** YOUR ASSIGNMENT **
The required result is one figure, the count of lines below with the string "Iron" in them.

** PROVIDED DATA **
+--

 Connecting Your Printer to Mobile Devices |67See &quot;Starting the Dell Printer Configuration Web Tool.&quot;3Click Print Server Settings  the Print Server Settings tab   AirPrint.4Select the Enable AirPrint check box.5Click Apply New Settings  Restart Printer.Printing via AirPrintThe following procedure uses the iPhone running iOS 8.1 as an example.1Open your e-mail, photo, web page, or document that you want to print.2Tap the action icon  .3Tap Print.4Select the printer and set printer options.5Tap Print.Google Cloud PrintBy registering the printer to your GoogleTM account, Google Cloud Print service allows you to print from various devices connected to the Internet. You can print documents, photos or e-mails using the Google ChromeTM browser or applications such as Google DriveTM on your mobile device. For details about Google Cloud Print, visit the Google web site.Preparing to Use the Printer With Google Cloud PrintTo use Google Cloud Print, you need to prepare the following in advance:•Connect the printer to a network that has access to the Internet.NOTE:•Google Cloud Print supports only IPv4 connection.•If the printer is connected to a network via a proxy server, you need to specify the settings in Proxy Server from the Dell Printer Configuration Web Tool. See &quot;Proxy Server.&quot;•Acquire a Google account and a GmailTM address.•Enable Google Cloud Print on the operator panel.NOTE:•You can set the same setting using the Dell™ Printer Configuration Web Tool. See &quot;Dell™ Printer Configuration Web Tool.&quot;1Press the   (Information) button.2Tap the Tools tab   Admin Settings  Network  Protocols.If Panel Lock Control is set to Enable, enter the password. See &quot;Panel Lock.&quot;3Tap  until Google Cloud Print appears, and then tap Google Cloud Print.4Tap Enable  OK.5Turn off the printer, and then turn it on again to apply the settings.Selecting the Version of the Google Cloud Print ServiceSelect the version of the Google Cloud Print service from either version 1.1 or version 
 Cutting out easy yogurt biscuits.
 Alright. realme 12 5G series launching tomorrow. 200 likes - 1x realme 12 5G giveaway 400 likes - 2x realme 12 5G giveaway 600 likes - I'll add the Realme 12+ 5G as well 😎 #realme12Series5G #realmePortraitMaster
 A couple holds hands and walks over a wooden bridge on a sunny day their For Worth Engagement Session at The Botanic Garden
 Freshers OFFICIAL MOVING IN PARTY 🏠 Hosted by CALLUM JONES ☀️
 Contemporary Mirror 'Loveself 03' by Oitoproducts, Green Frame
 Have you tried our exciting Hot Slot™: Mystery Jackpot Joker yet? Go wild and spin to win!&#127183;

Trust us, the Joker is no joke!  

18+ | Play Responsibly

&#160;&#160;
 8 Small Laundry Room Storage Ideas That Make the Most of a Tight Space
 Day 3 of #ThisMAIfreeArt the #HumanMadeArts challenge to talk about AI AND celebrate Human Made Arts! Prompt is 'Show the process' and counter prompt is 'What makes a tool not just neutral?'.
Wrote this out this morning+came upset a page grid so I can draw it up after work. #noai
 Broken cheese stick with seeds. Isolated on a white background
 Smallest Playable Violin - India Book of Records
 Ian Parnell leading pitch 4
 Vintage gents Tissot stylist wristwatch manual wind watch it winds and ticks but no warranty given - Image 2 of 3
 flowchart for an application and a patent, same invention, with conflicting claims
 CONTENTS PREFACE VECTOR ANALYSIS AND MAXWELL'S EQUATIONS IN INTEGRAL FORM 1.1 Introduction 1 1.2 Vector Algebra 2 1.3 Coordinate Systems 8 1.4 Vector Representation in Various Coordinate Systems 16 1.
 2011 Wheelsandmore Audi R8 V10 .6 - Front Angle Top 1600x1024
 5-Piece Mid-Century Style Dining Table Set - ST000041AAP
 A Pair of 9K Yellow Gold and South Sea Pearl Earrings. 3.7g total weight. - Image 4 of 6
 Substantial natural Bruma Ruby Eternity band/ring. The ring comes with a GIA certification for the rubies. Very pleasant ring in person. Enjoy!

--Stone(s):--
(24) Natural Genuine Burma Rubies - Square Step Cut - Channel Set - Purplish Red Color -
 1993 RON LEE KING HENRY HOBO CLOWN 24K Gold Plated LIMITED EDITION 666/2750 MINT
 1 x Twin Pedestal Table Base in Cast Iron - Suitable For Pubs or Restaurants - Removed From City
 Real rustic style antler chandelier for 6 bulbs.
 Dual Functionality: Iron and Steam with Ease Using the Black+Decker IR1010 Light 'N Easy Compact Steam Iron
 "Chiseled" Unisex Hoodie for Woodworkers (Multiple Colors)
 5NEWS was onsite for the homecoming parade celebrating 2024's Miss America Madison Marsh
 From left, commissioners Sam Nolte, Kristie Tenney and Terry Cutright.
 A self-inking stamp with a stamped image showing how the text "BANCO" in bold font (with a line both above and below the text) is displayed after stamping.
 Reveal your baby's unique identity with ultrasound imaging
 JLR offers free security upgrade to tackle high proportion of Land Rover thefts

+--

** ANSWER SPACE **
2